▶ [Task instructions]: Your answer must be the exact lines from the one with "Iphonexs Max Bakgrundsbild" to the end of the data, both included, with no pictures.

____ Supplied data

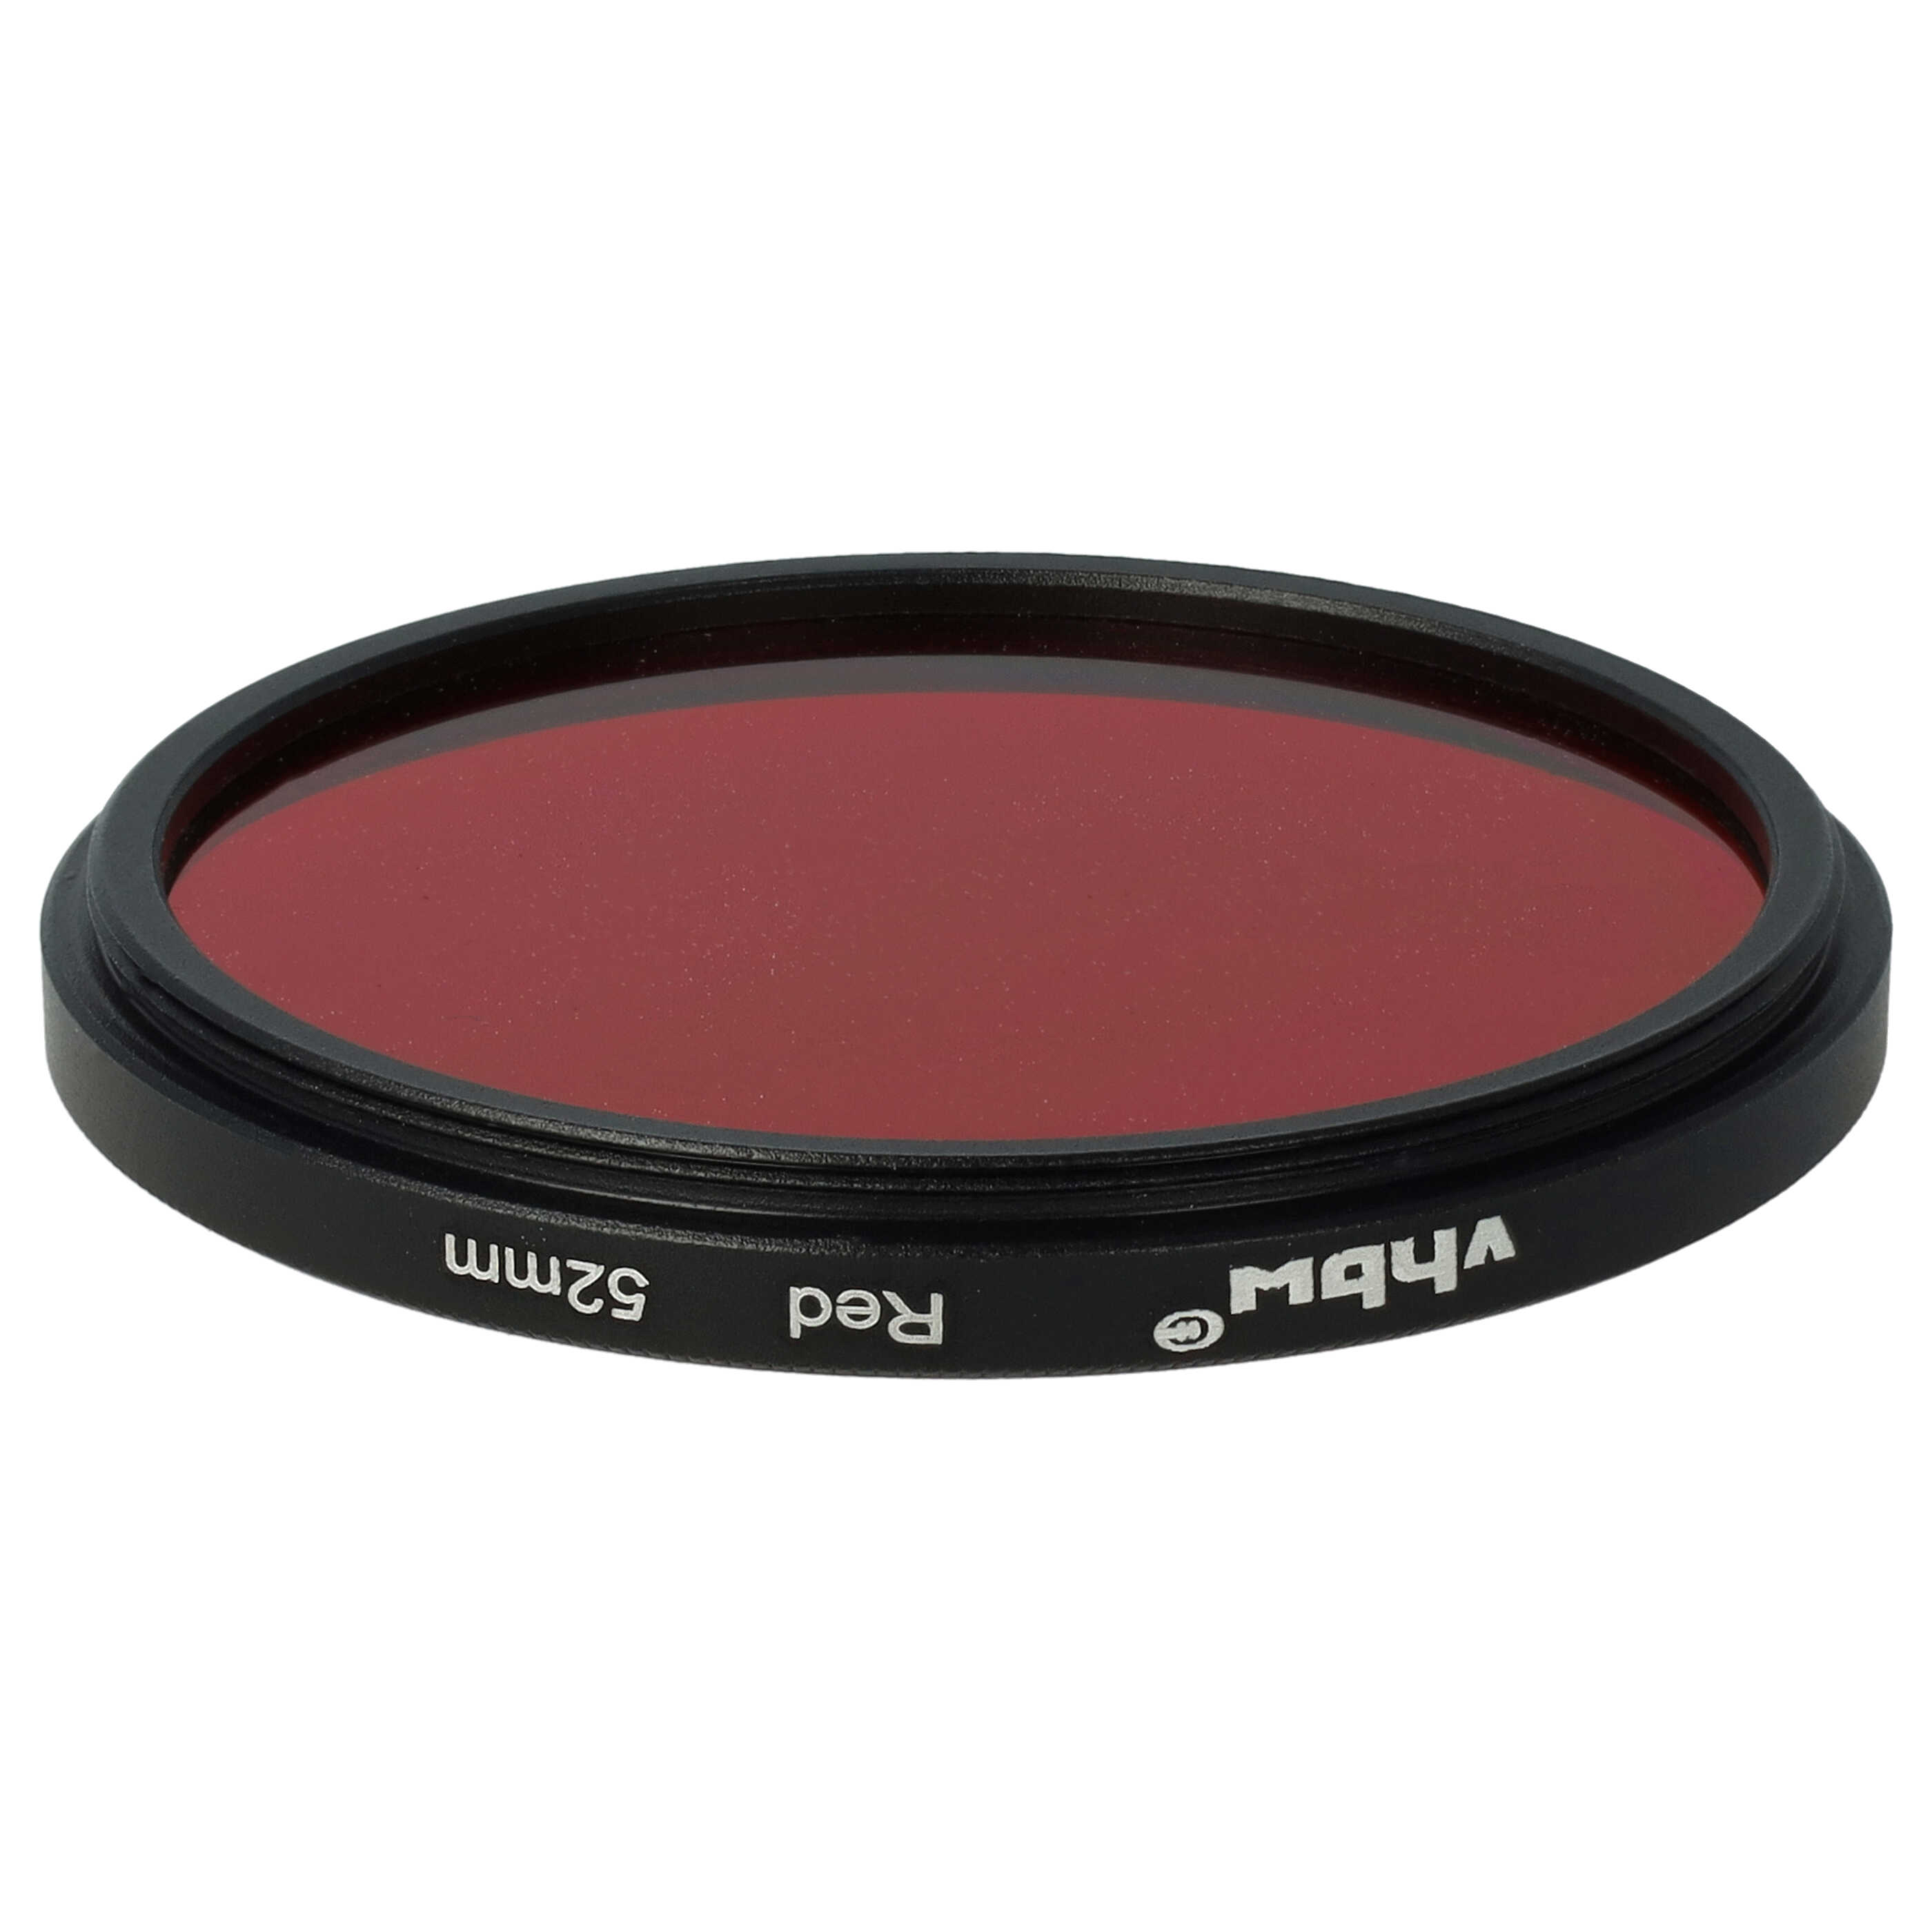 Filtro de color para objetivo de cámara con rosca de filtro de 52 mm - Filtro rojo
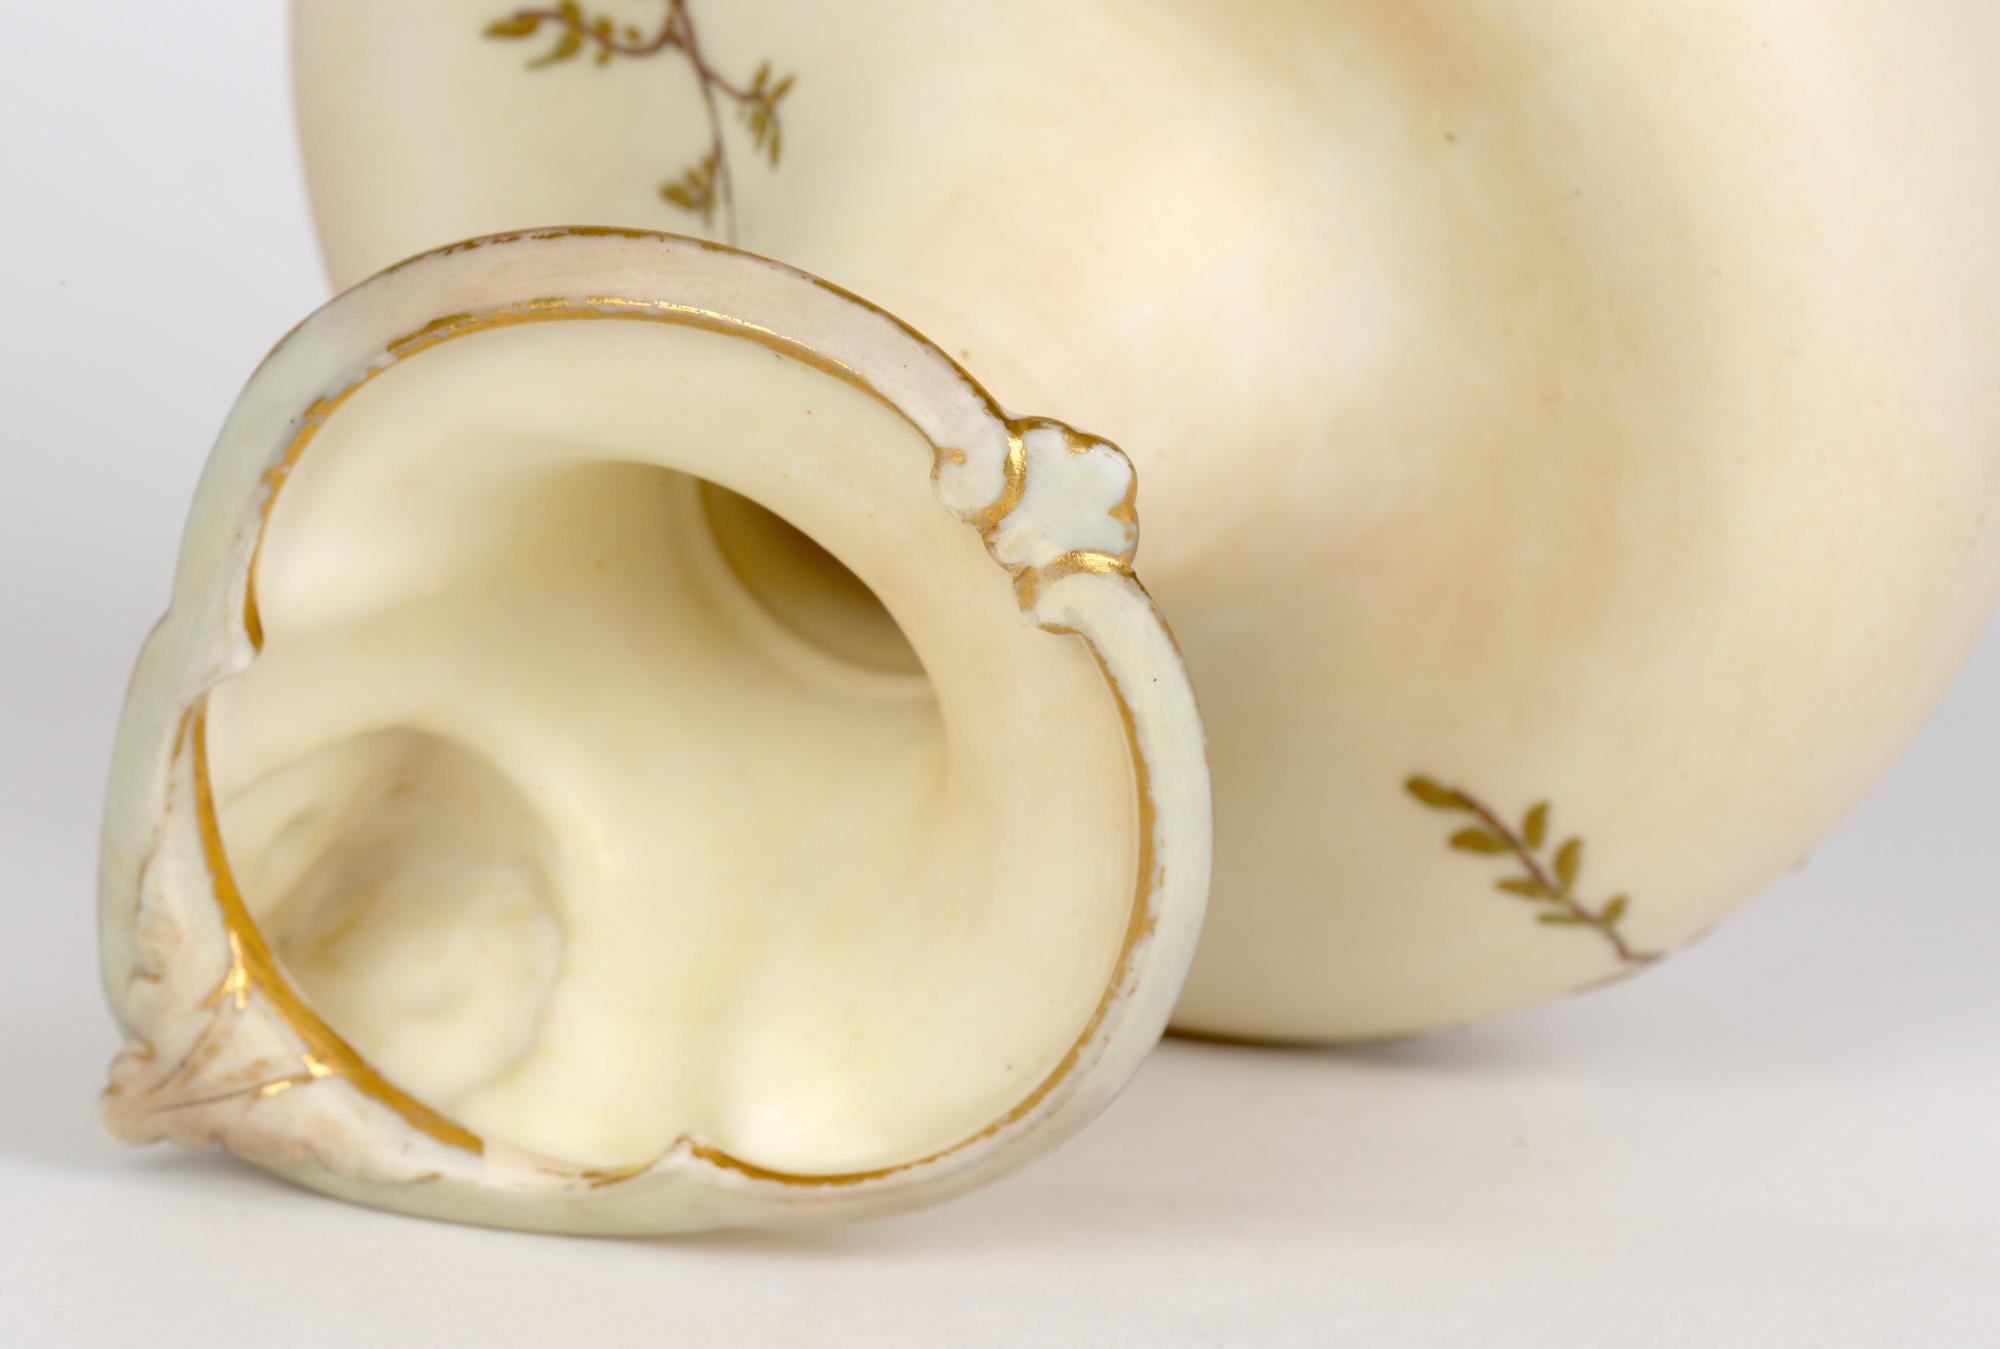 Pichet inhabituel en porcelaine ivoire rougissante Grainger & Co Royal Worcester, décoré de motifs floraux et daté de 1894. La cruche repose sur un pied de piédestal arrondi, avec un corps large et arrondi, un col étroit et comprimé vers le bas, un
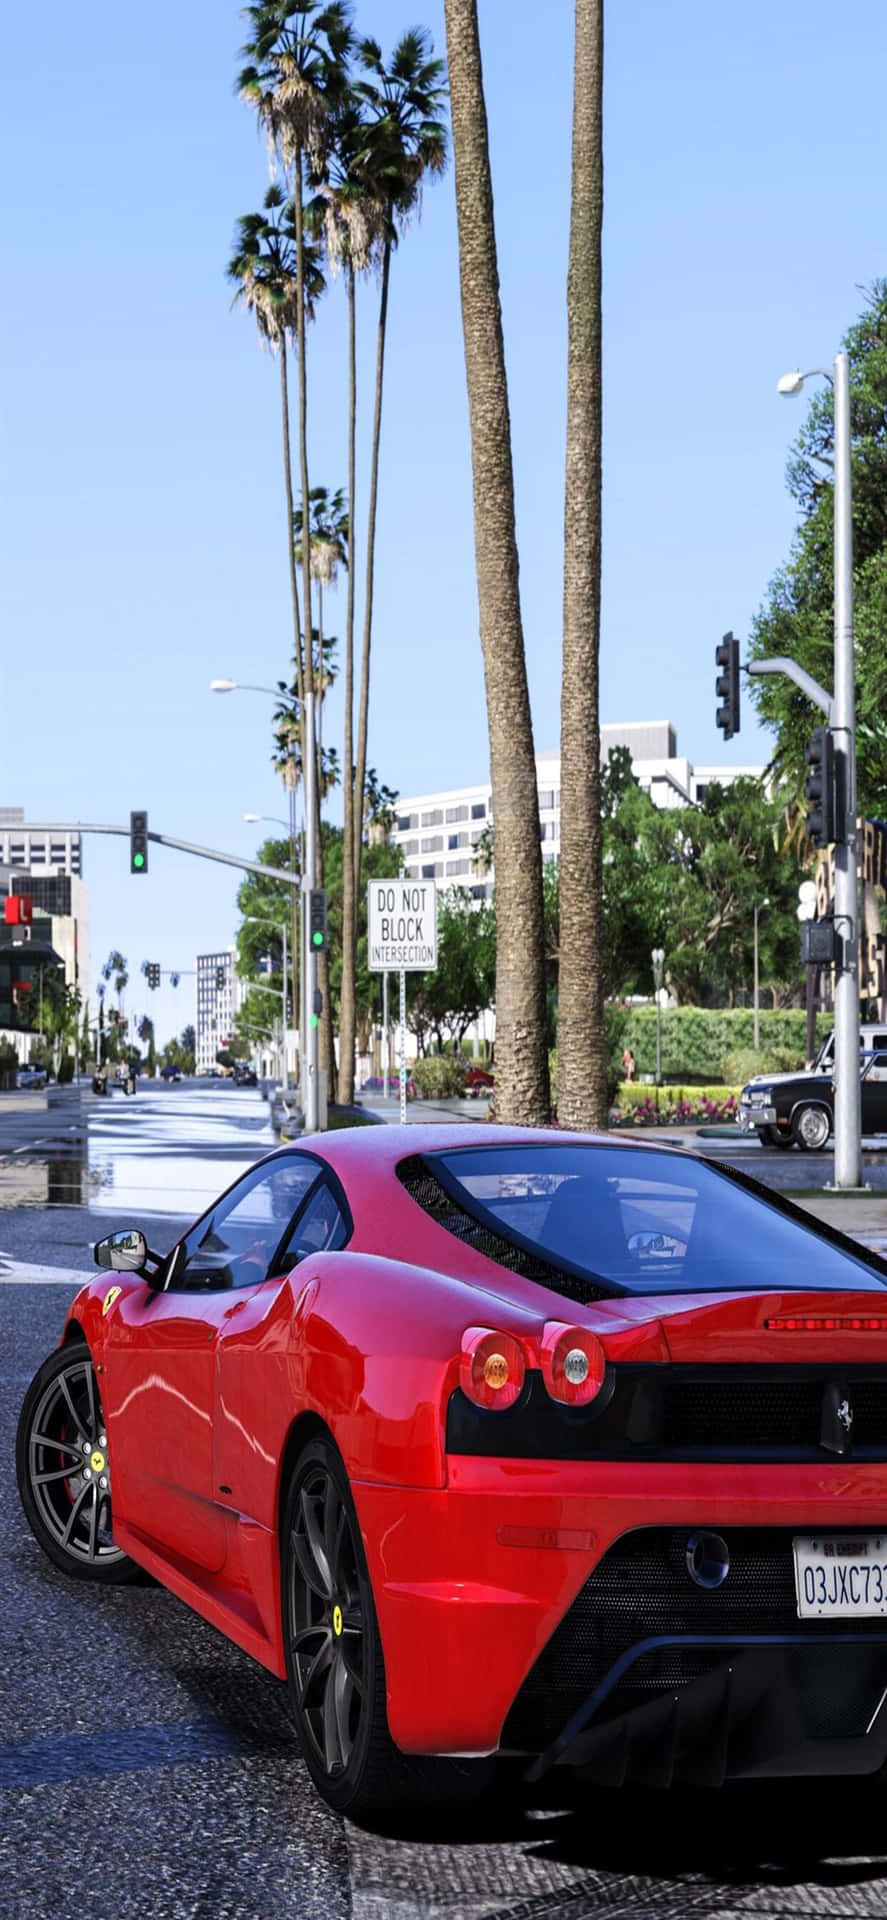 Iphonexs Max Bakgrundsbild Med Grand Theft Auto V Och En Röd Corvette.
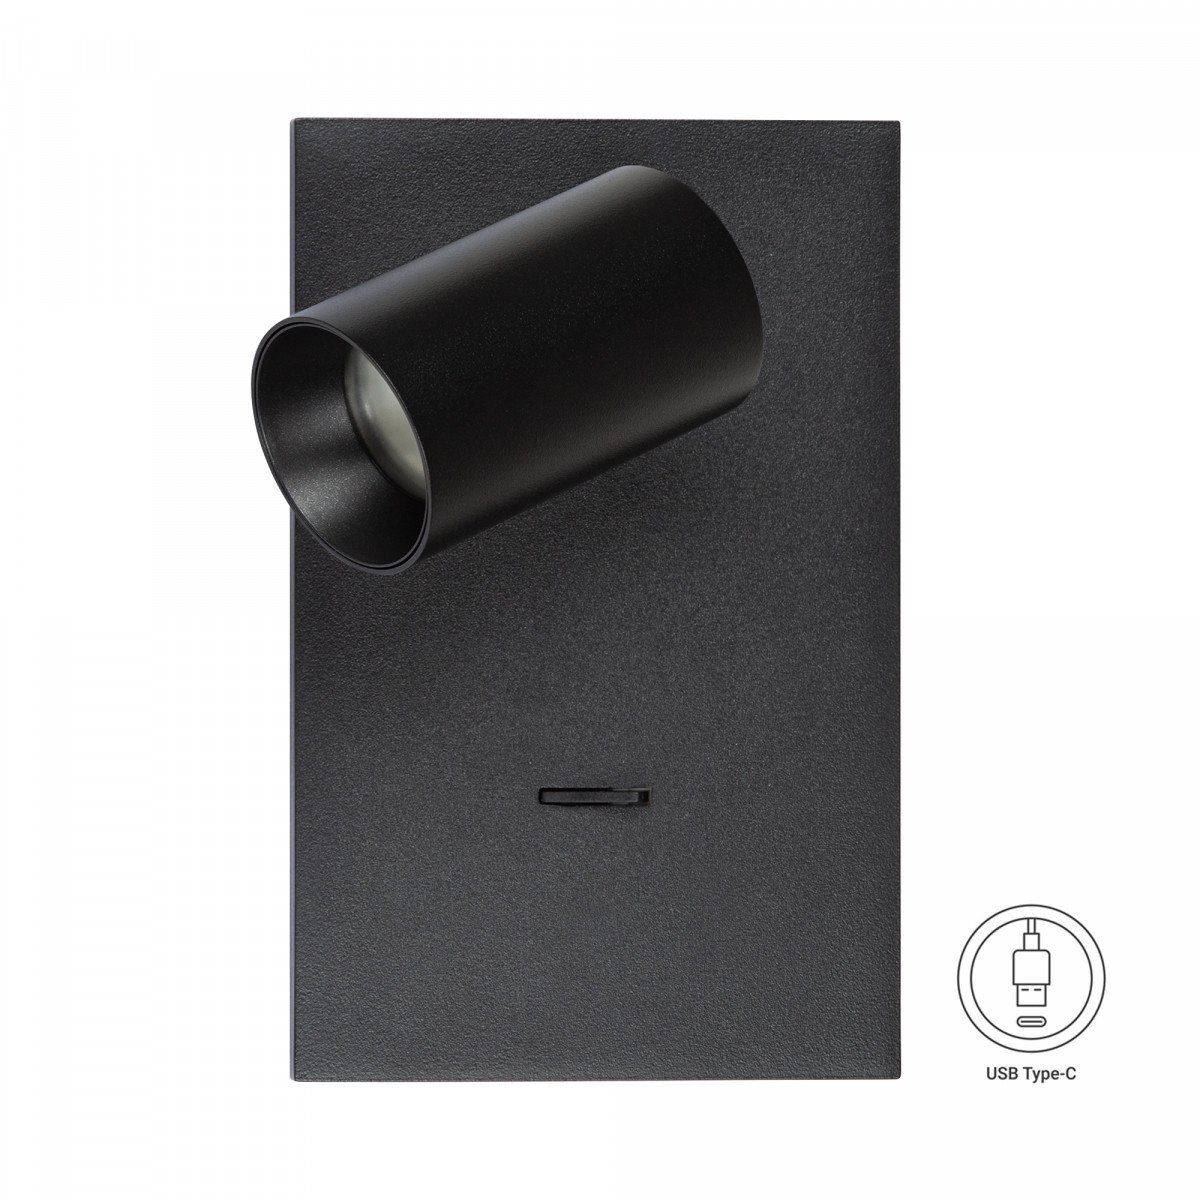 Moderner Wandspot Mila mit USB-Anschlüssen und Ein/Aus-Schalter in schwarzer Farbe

________

▶ [Written solution]:
 Iphonexs Max Bakgrundsbild Med Grand Theft Auto V Och En Röd Corvette.
 Moderner Wandspot Mila mit USB-Anschlüssen und Ein/Aus-Schalter in schwarzer Farbe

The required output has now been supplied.